Best restaurant in NYC: great food and atmosphere, incredibly informed staff – I don't often love places, BUT:
I've been going to Marlow and Sons for several years, now, and I have to say it is consistently the best restaurant I've been to in the city. No, ANYWHERE. I've never, not once, had something less than remarkably good. I think the other reviews have probably painted a fair picture of the place--kind of dim, worn unfinished wood, a little loud, small, if you're only a couple sometimes you're sitting at a table with someone else you don't know. On a busy night, sometimes you have to wait.
But the food and the service exceed all reasonable hopes. The regular menu (if you can call it that--the menu relies heavily on locally sourced, seasonal ingredients) is excellent. The brick chicken is as good as it gets, but I feel that the other entrees often offer more. The oysters are likewise good, but overshadowed by the other appetizers. If you happen to be there in season, the morel toasts are INCREDIBLE, one of those memorable gastronomic treats... I've had some amazing lamb and rabbit, and a friend had a special cold sorel soup (I know, sounds odd) that was sublime. There's cheeses available, listed (along with everything else) on a chalkboard, including their city and animal of origin... you'd be a fool not to try a selection.

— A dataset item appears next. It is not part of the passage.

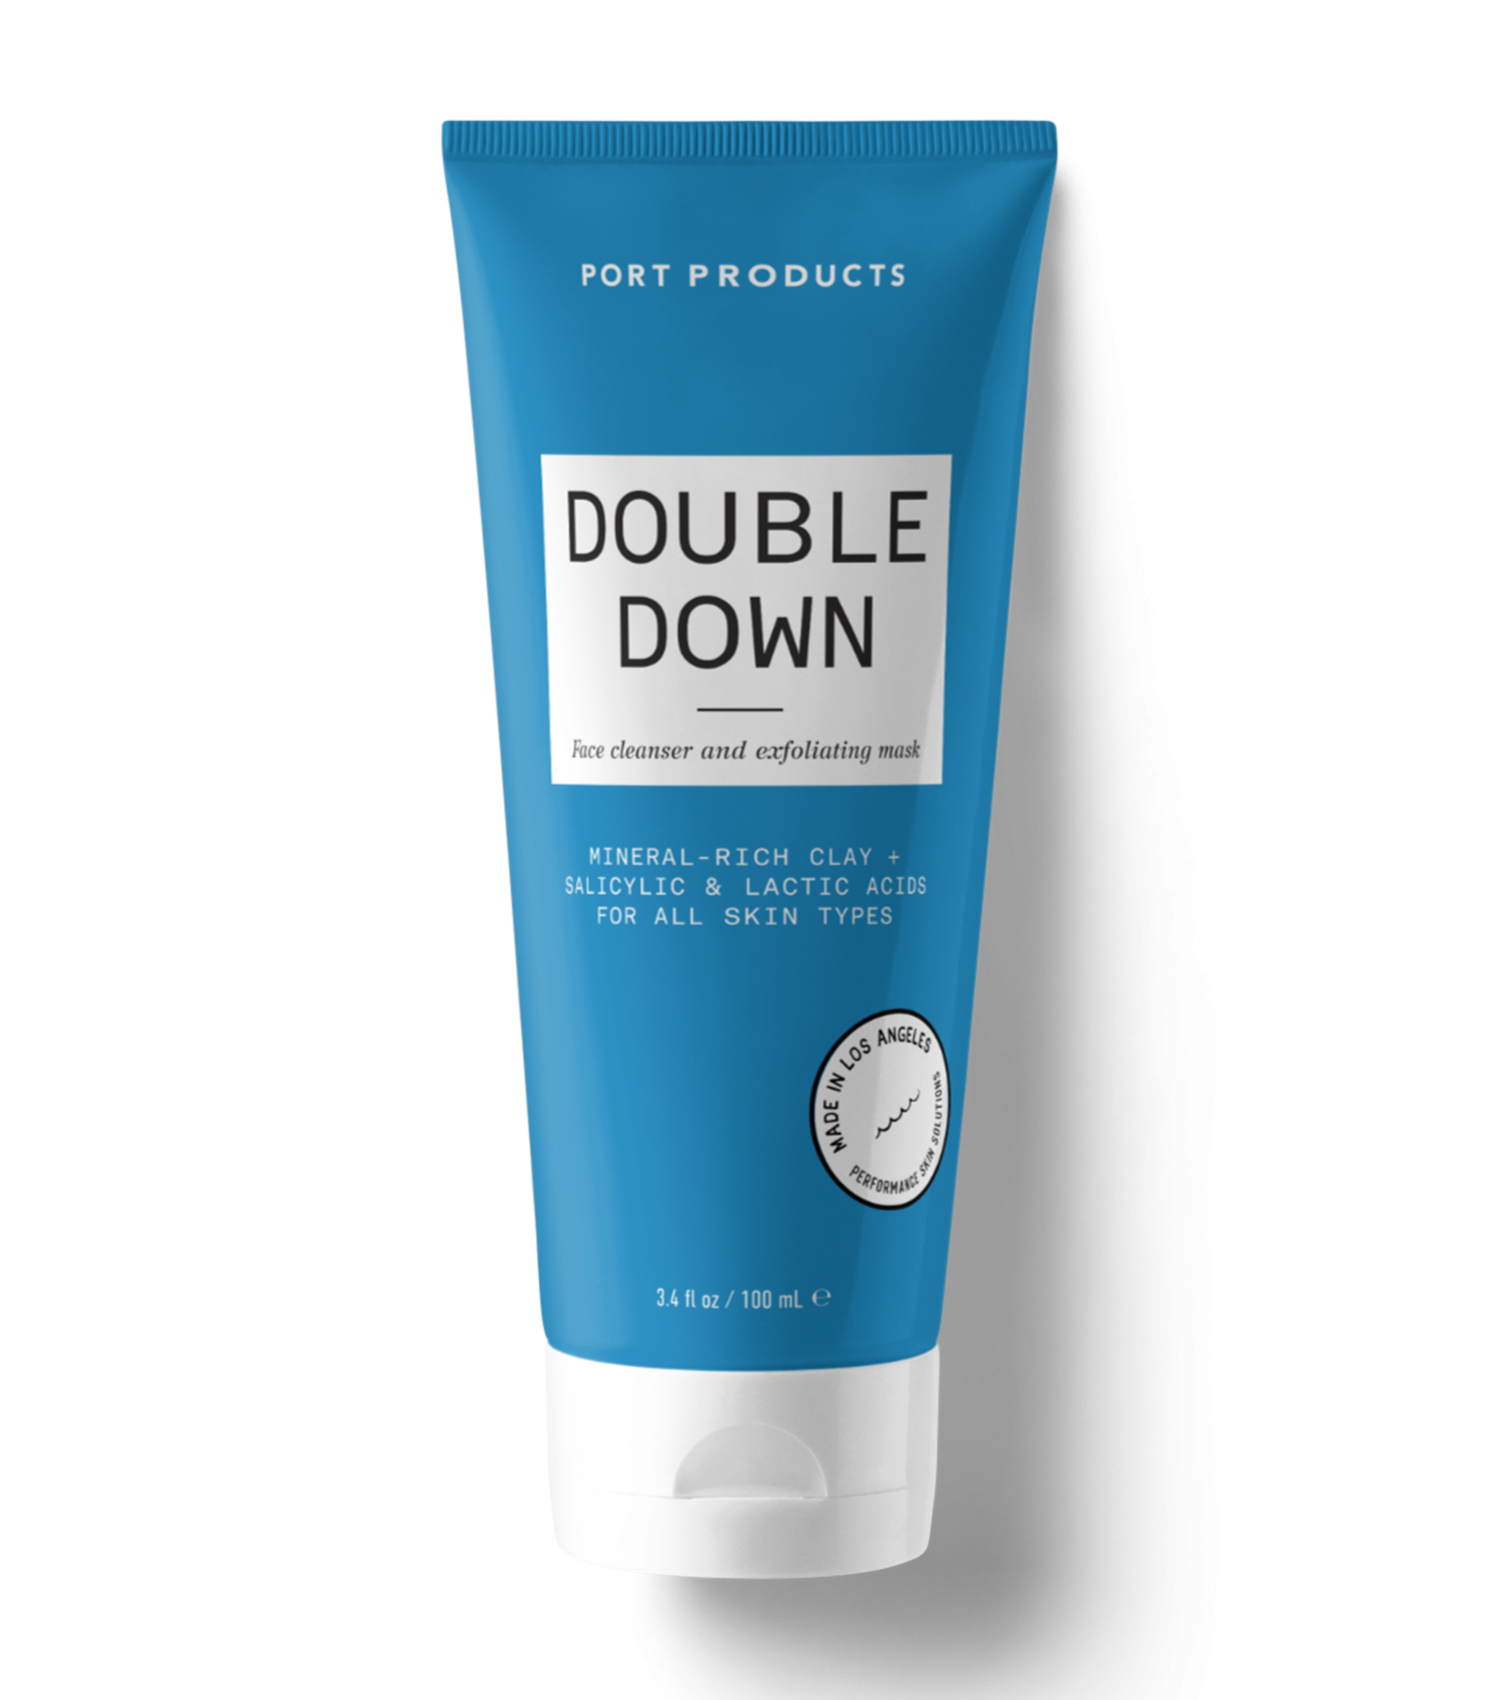 Port Products Double Down Facial Cleanser and Exfoliating Mask  1

The waitstaff are top notch, well informed about the foods' flavors, ingredients, origins, etc. To say knowledgeable is a disservice, passionate is more accurate. To have every single server able to articulately describe the subtle differences between two sheep cheeses is something incredible. The speed and attentiveness of the service is likewise flawless, with servers always near at hand but never hovering. Even on the most busy nights I've never felt any pressure to leave.
My only complaint about the whole enterprise is the beer selection. Their wine selection is extensive and varied, but the beers--while great--are only three, and often seem to not even cover the variety that a trio could.

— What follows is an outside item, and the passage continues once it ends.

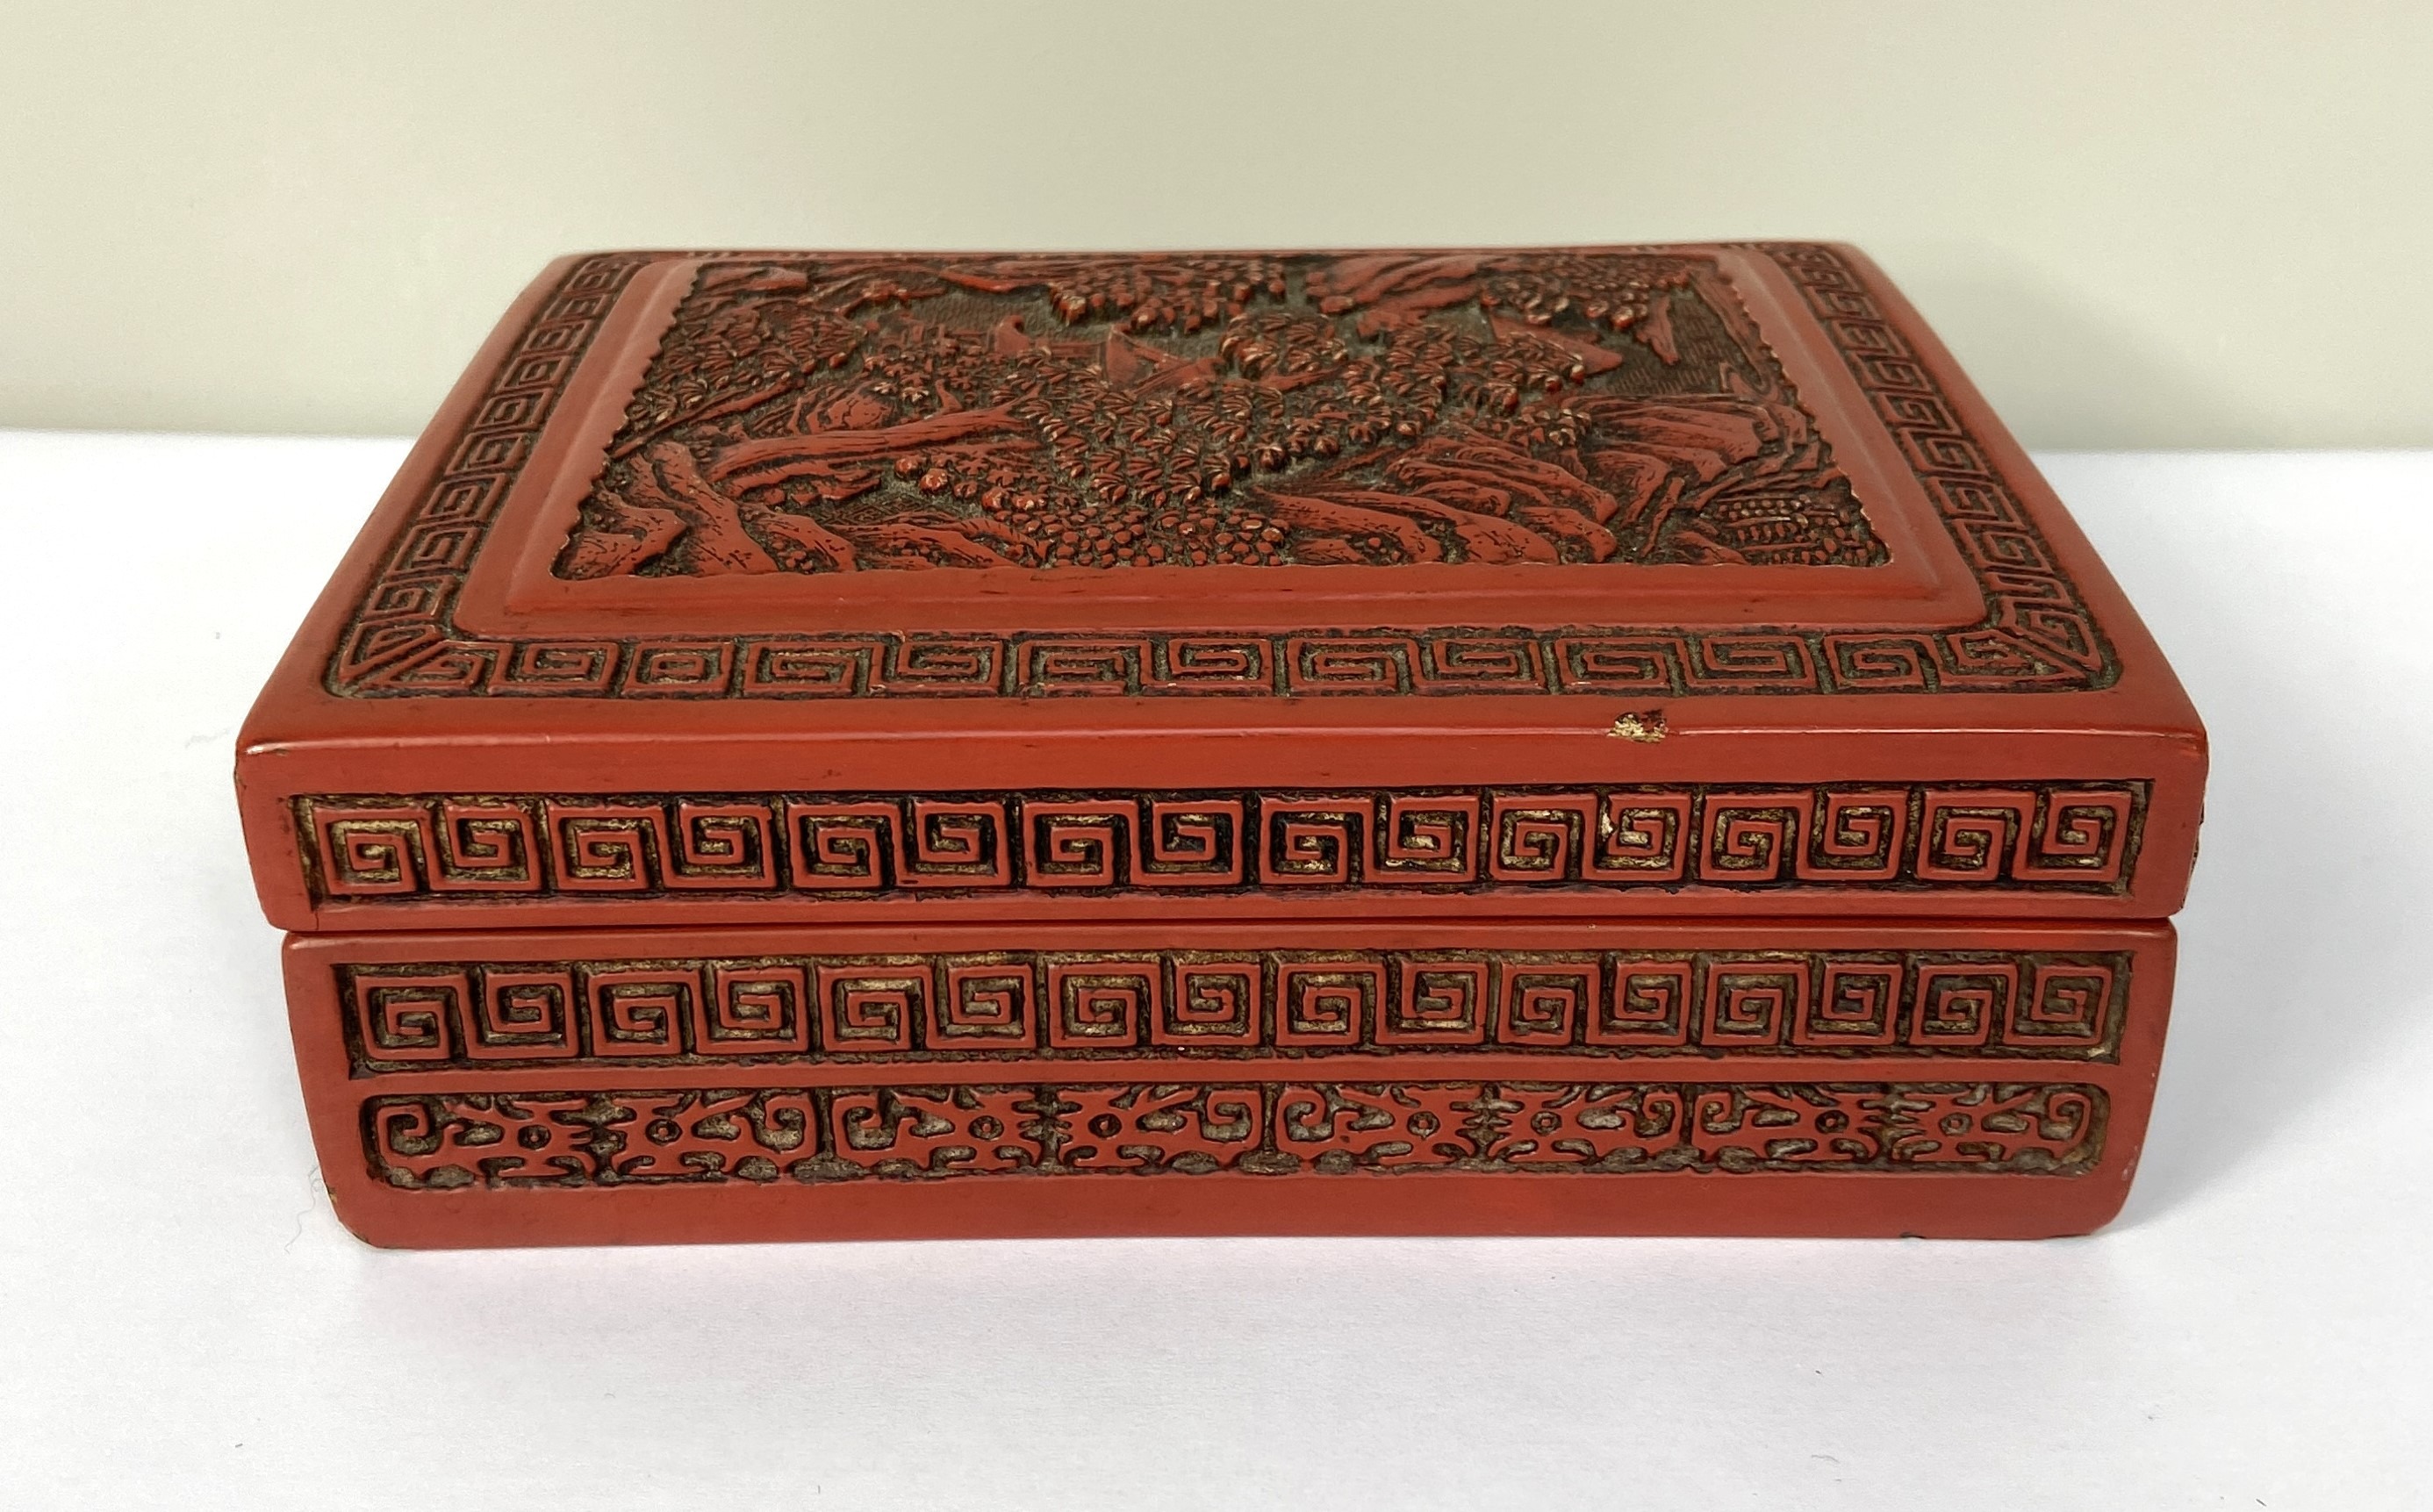 A Chinese export Cinnabar lacquered trinket box, 20th century, the top decorated with a tree lined

Excellent and well priced. – I went with a friend around 9pm on a Saturday night so it took an hour before we were seated. However the food was well worth the wait. Everything we ordered was absolutely delicious. Oysters, chicken liver pate, potato tartine, and steamed mussels were prepared so well. I walked out extremely happy and plan to go again soon.

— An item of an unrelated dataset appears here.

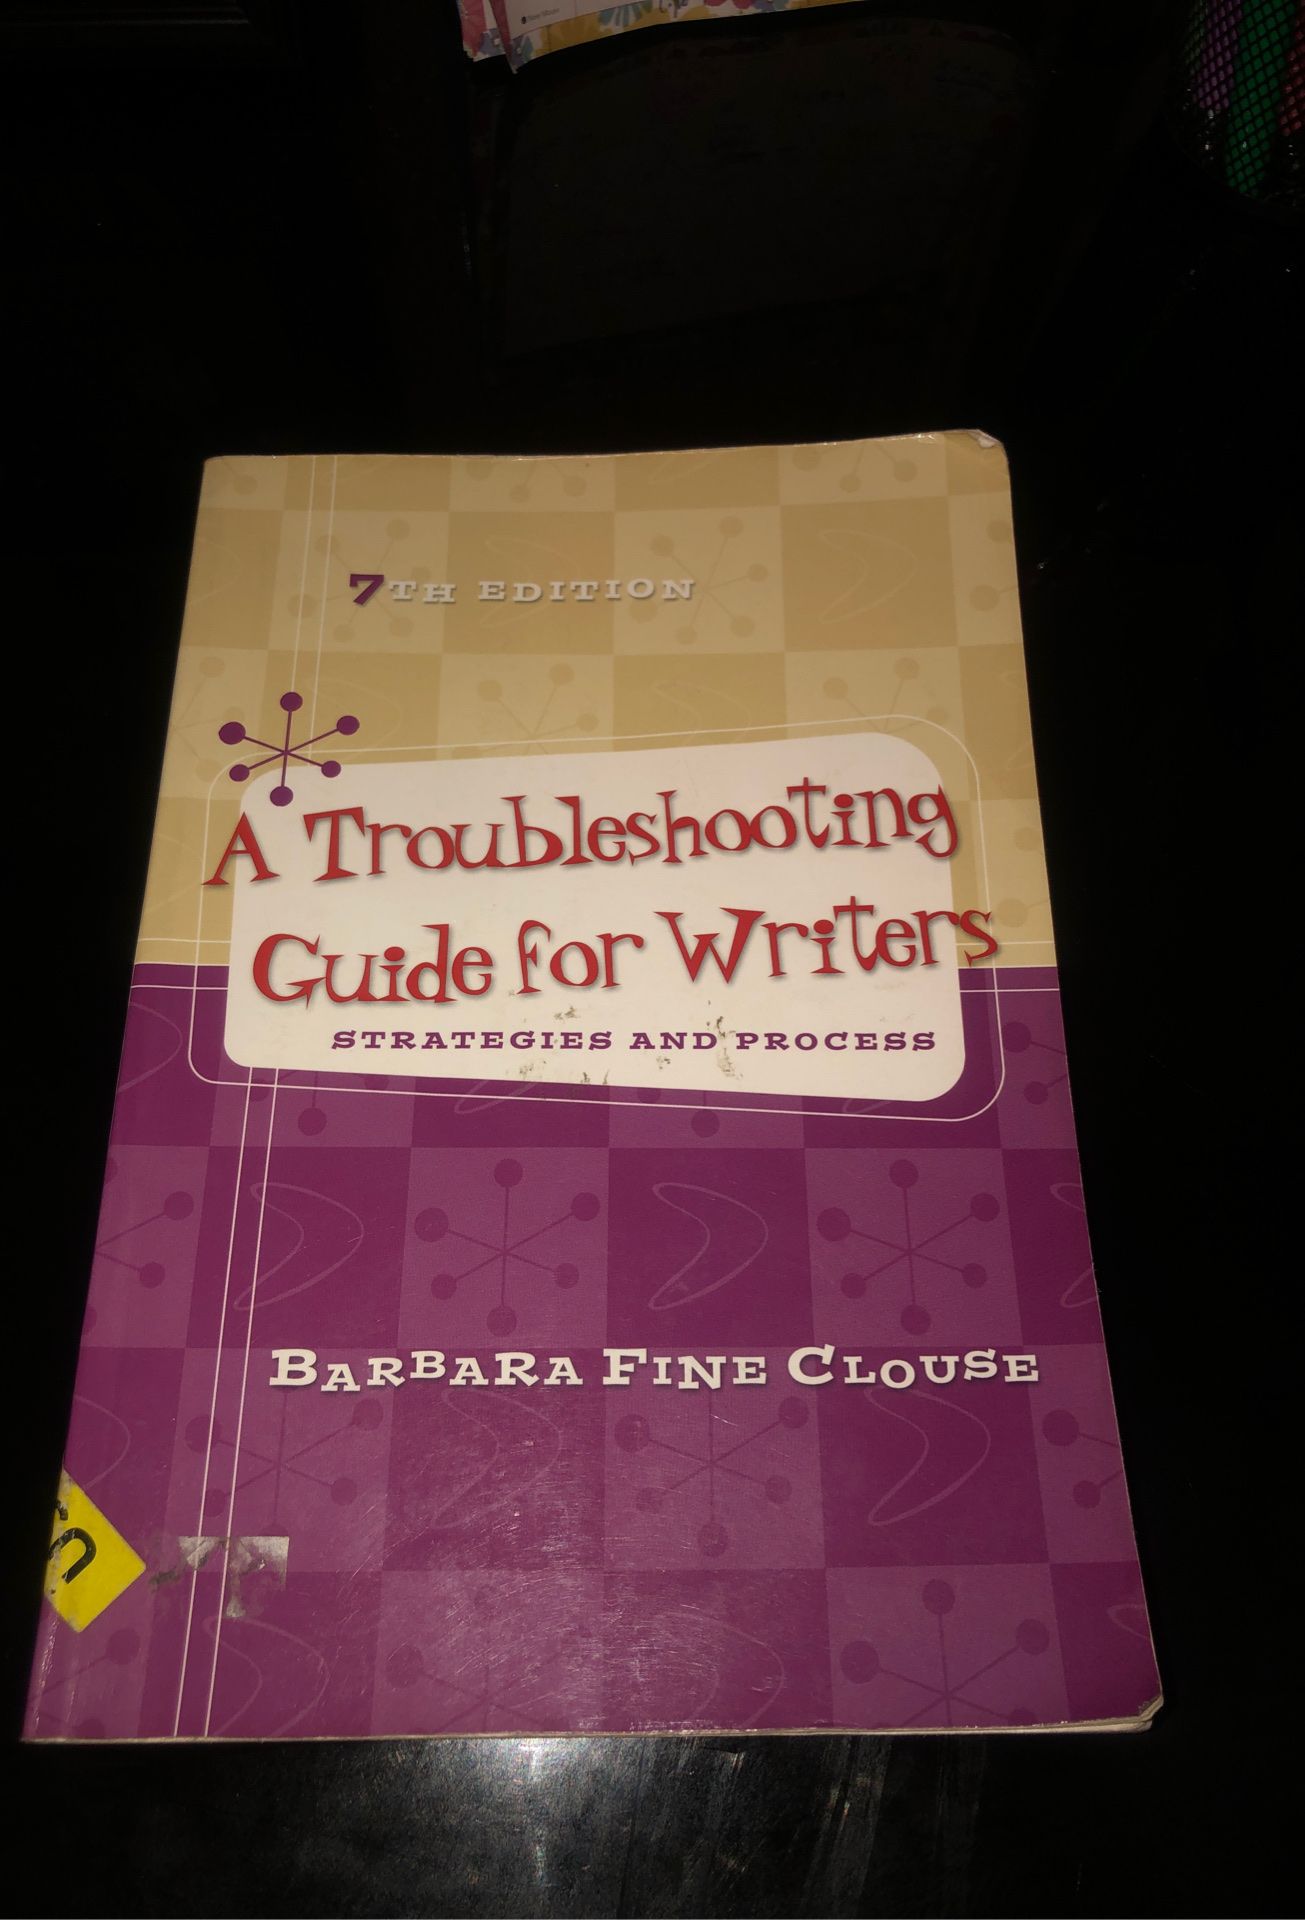 A troubleshooting guide for writers 7th edition

Great oysters, romance, atmosphere – This is a lovely and romantic place. Never had a bad meal here. The oyster are great. The only complaint I have is the occasional arrival of snooty, poofy, stagnant types who think they are in some posh palace and make demands and complaints that go beyond the reach of this lowkey, affordable place.
Customer Service 101 – Should you want to ruin any evening out (e.g. a date, a meal with family or friends), then look no further than Marlow & Sons or its sister restaurant Diner. Both are staffed by a wait staff so smug and rude that they can actually turn a decently cooked meal, which both restaurants serve, into an unpleasant dining experience. With the exception of a few green servers, the regulars are too jaded and way too hip to provide worthwhile customer service. To them, restaurant work is a delicately and finely cooked combination of snobbery and flat-out insulting behavior. On one occasion, a dapper host at Diner hardly took notice of us when we arrived. Instead of greeting us, showing us to a table, and providing us with menusa norm for any restauranthe preferred to chat at length with the bartender. On another occasion, a haughty and airhead like host at Marlow & Sons could not be bothered to seat us. We sat ourselves outside, and after clambering to order, settled down. It started raining and we moved inside but were told by the host in question that, even though we had ordered and even though we had arrived before other dinning parties waiting for tables, we would have to put our names on the list for the next available table. Whoever owns these sideshows ought to wise-up, restaurants in New York are a dime and dozen and customer service can make or break that dime.